When you think about what I’m trying to accomplish putting two items with really far apart scores makes sense. You want to figure out shared qualities in otherwise disjointed items. Similar items could be joined as well if we approach it that way the idea is you are building a tree that hones the answer really quickly and exactly. This however wouldn’t do a good job of producing scores we can further boost... we wouldn’t be finding a gradient. Instead we would be finding 1 point and after 1 or 2 iterations we'd be done.

By taking extreme values the separation would ideally be the difference from the maximum value and the minimum value. If we did that though it would only work for 2 of our data points. The rest would have to be closer each other (unless they all shared those 2 extremes) I think it would be best to match items in the center of the distribution with items on the far extreme.

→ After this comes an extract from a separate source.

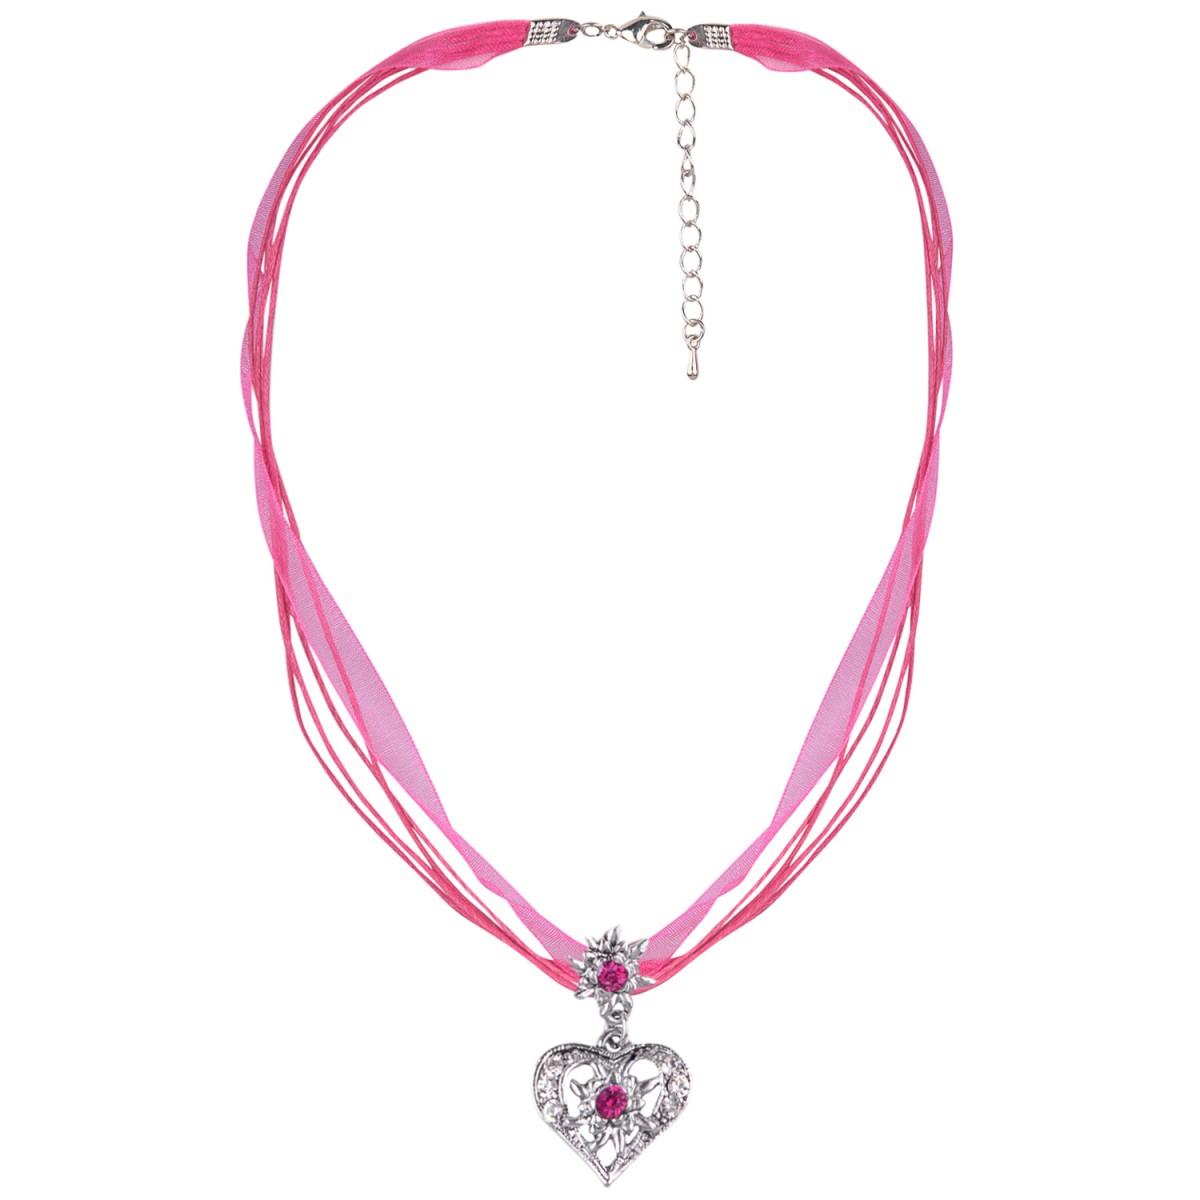 Halskette in Pink mit 4 Bändern und Herzanhänger von Schlick Accessoires

Giving all pairs a similar distance of (max-min)/2 and likely a value that actually is 1/2 the max or the min since it would average to the middle.

In this way we merge up items till we get to a fixed depth from the top (top being a root node). we could keep merging till then and try to climb back down the tree, i might try that at some point but since the splitters you would make won’t work well, i think the better way is to then introduce the test data at the closest terminal node (much like how nodes were merged together) and follow it up the tree till you get to a stopping spot. The average answer there is score you return.

Again I still haven’t implemented it, I’ve been stewing on it. The final piece of the puzzle is exactly how I want to do feature selection for the merging. There has to be some system for maximizing score and minimizing distance so it isn’t all ad-hoc.